====== Stored data ======
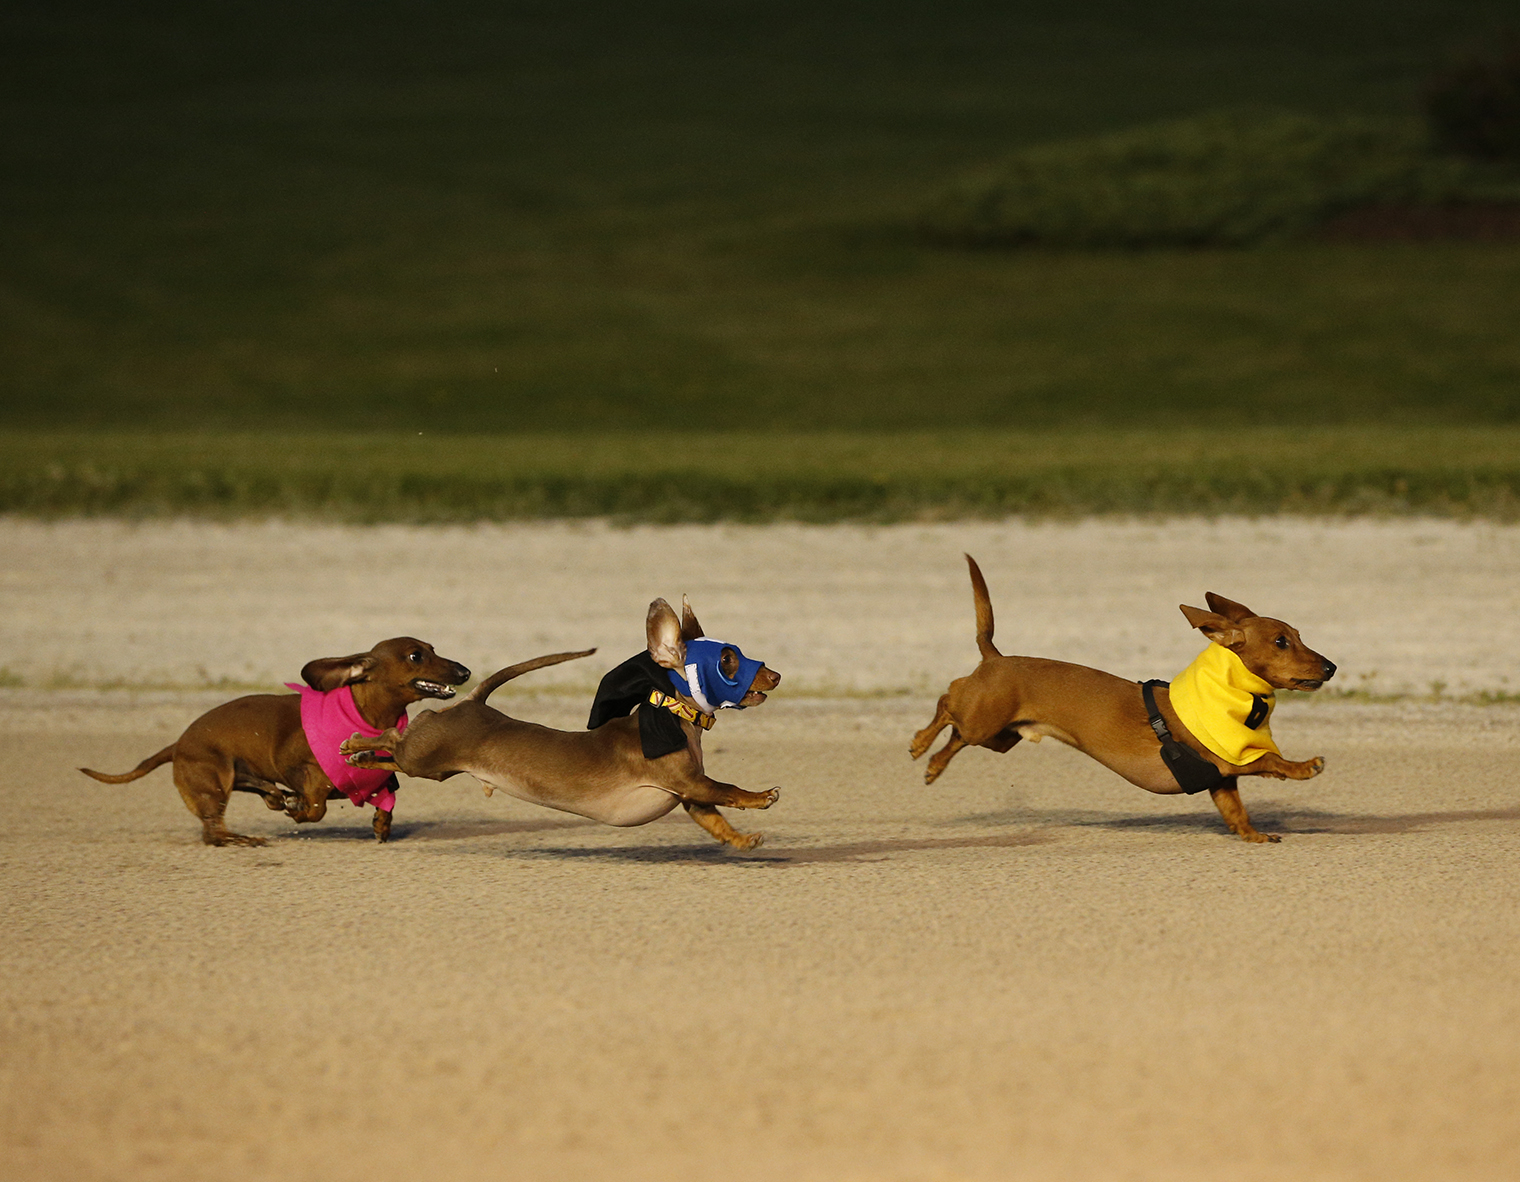 Wiener Dog Race - Grand River Raceway
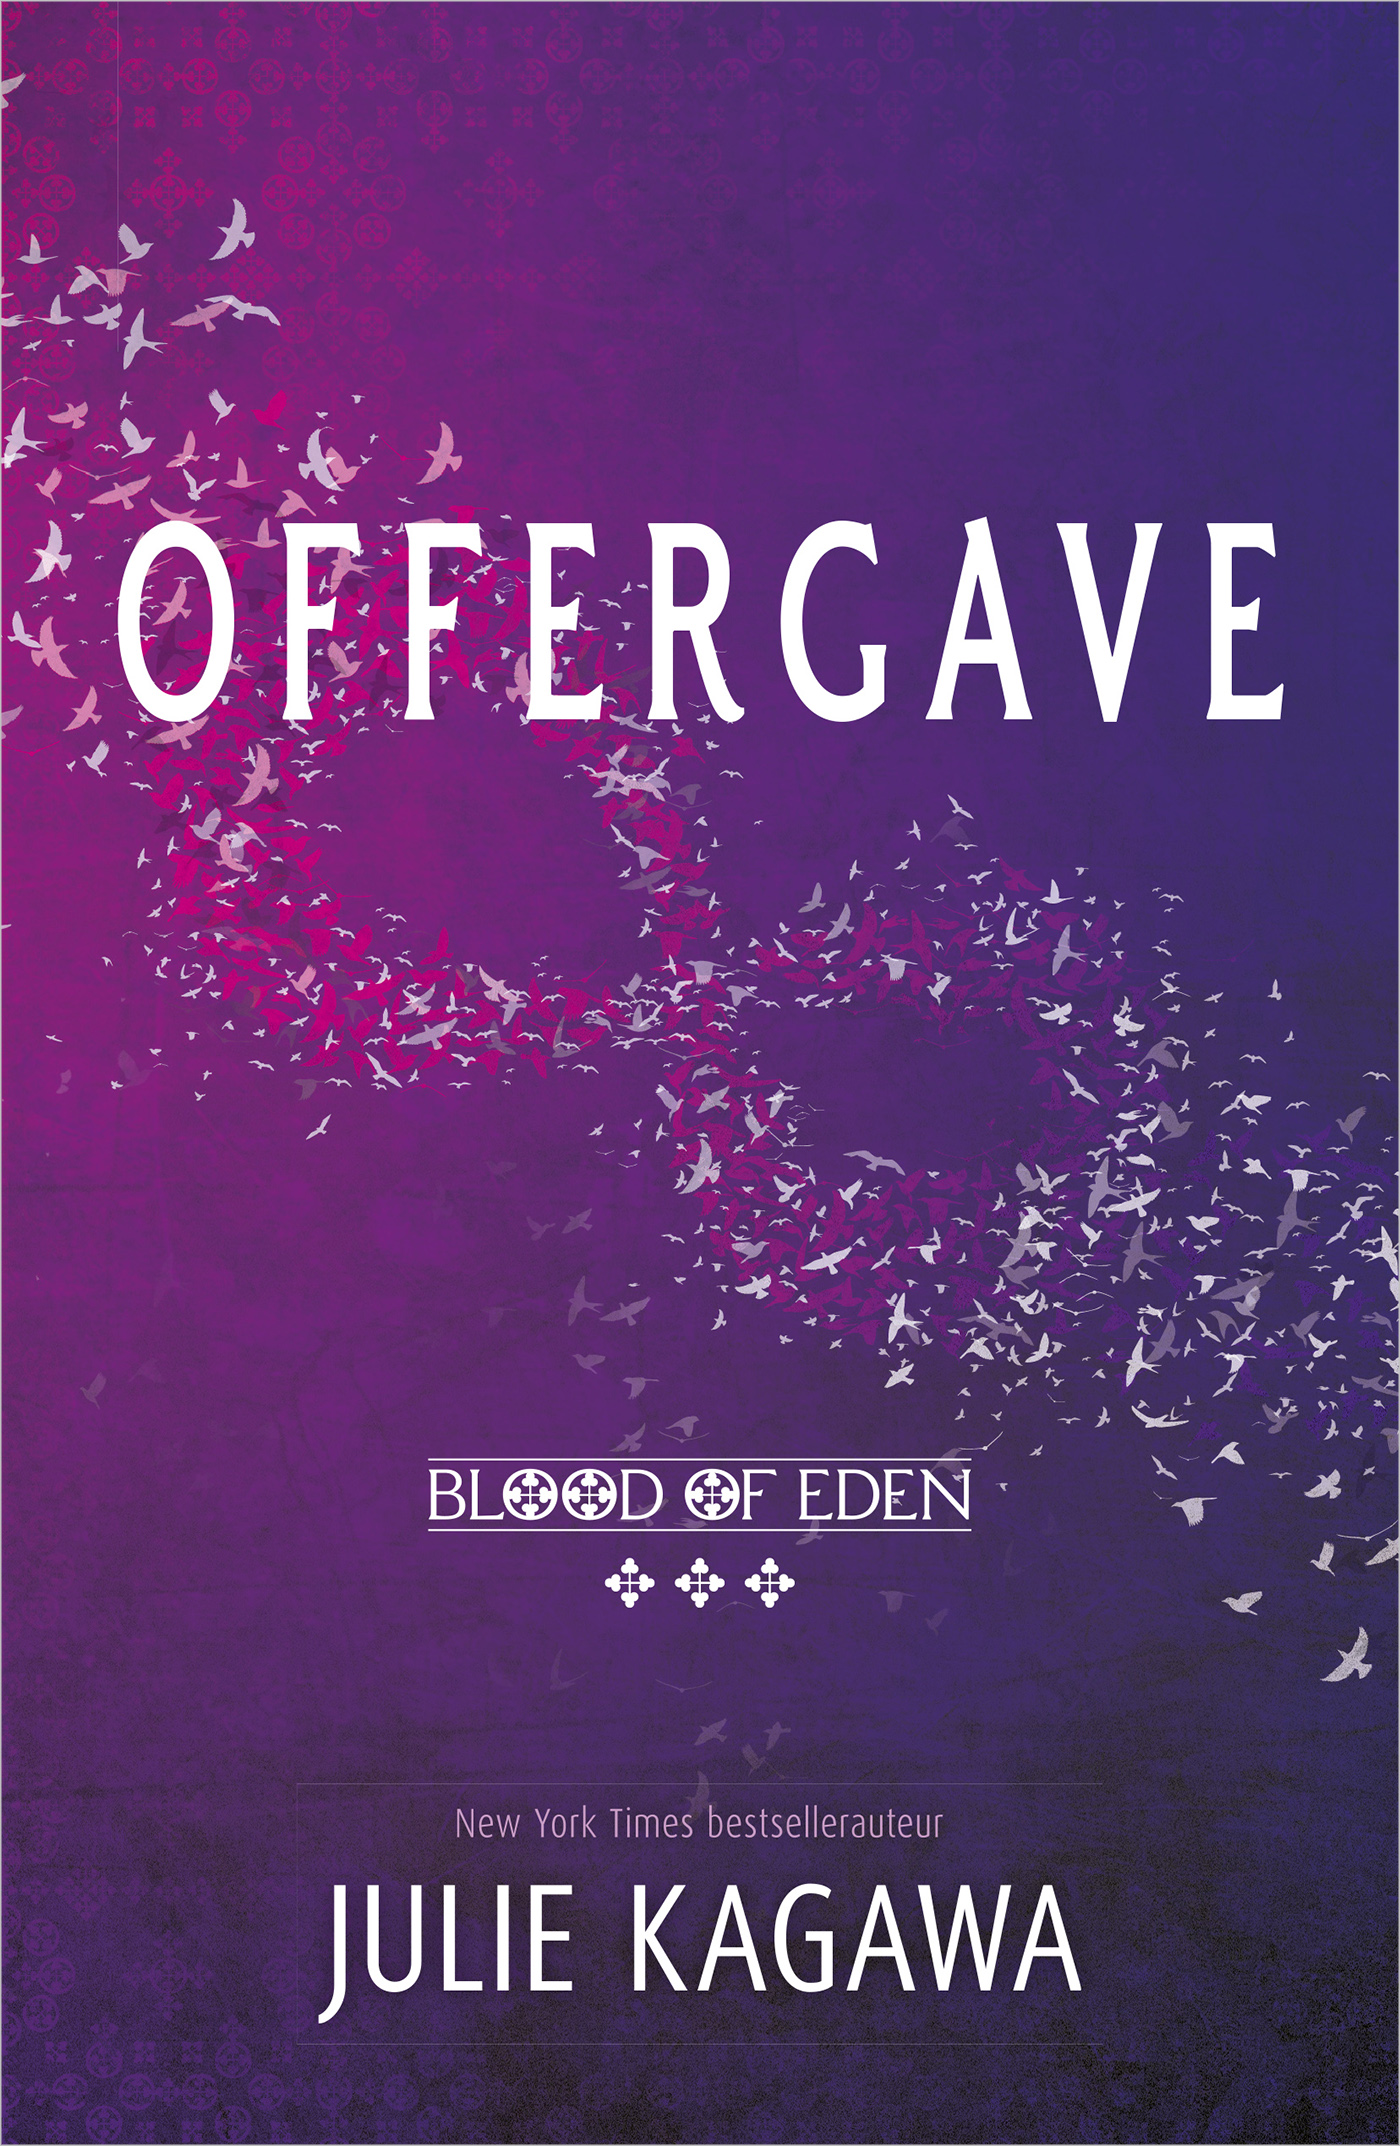 Offergave (Ebook)
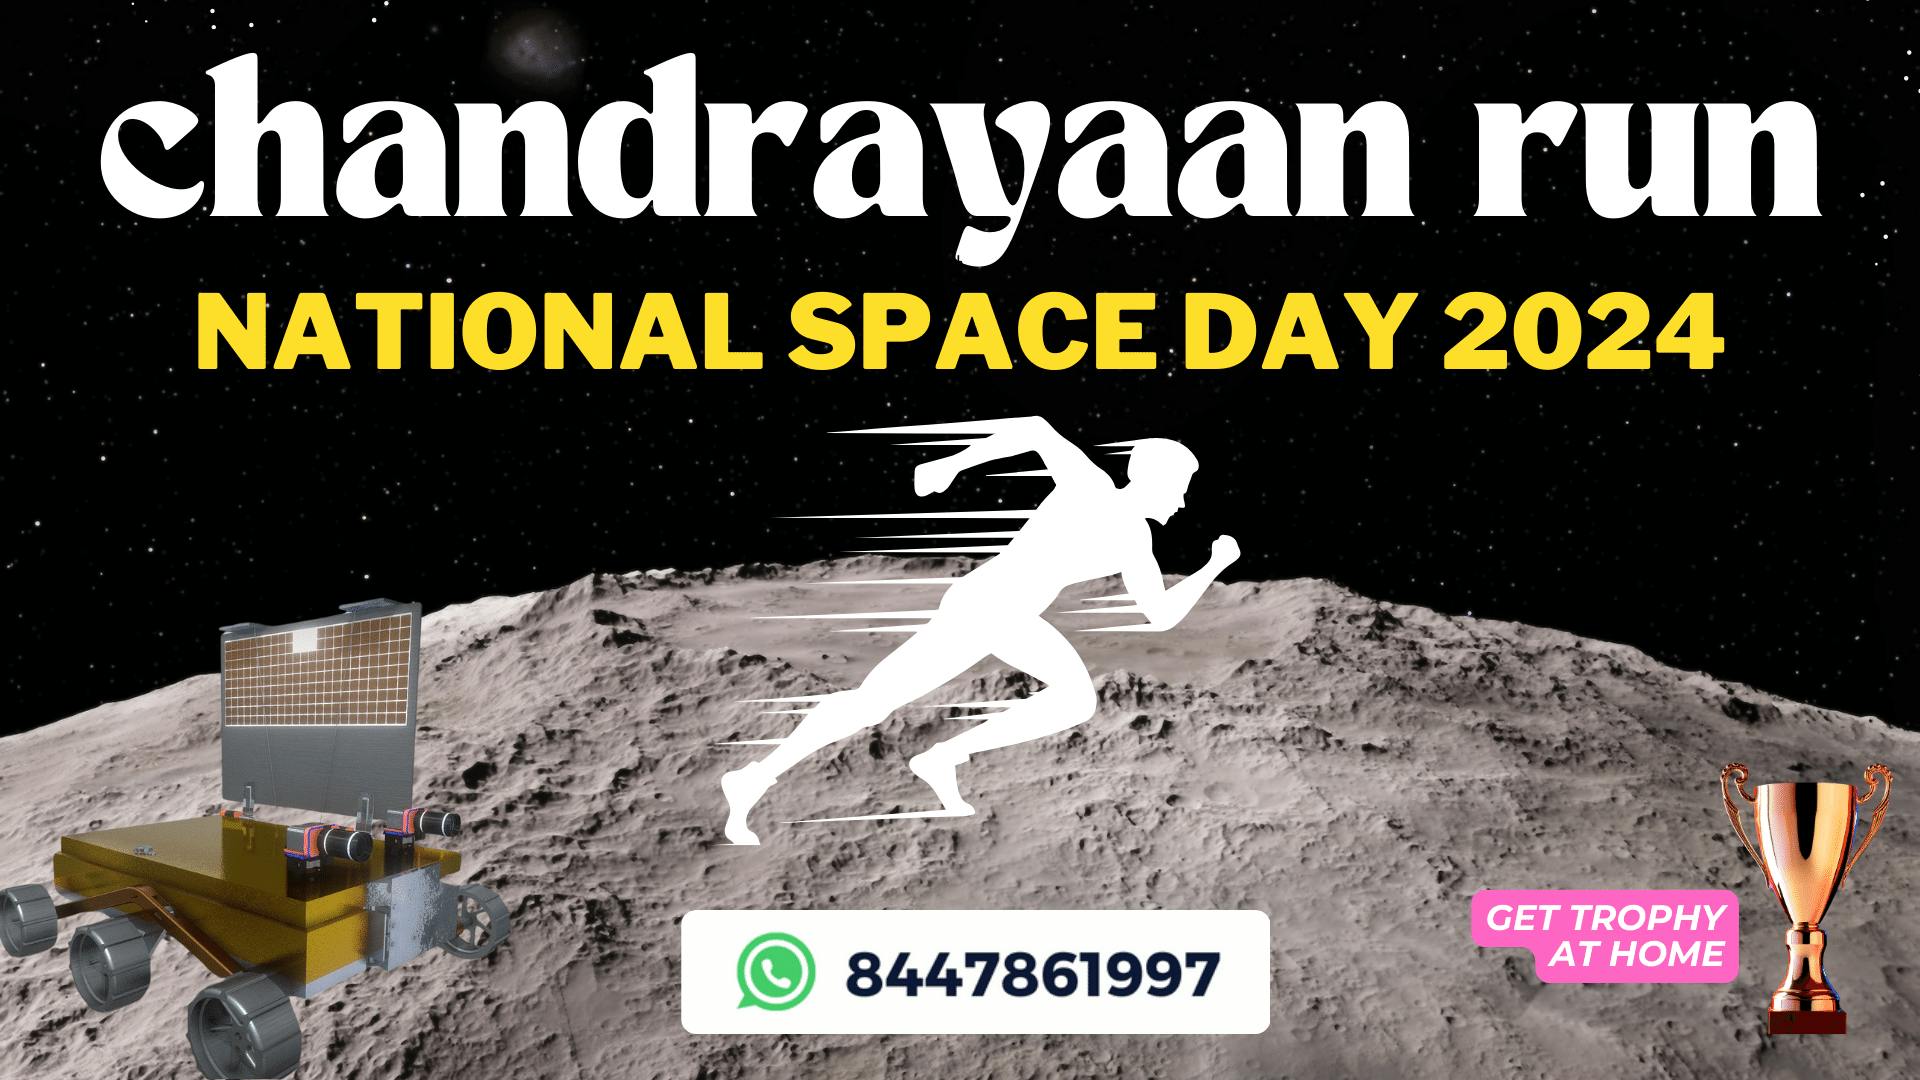 Chandrayaan Run - National Space Day 2024
======
Assigned task
Return the data exactly as it stands, minus the pictures.

Exercise output
 Wiener Dog Race - Grand River Raceway
 Offergave (Ebook)
 Chandrayaan Run - National Space Day 2024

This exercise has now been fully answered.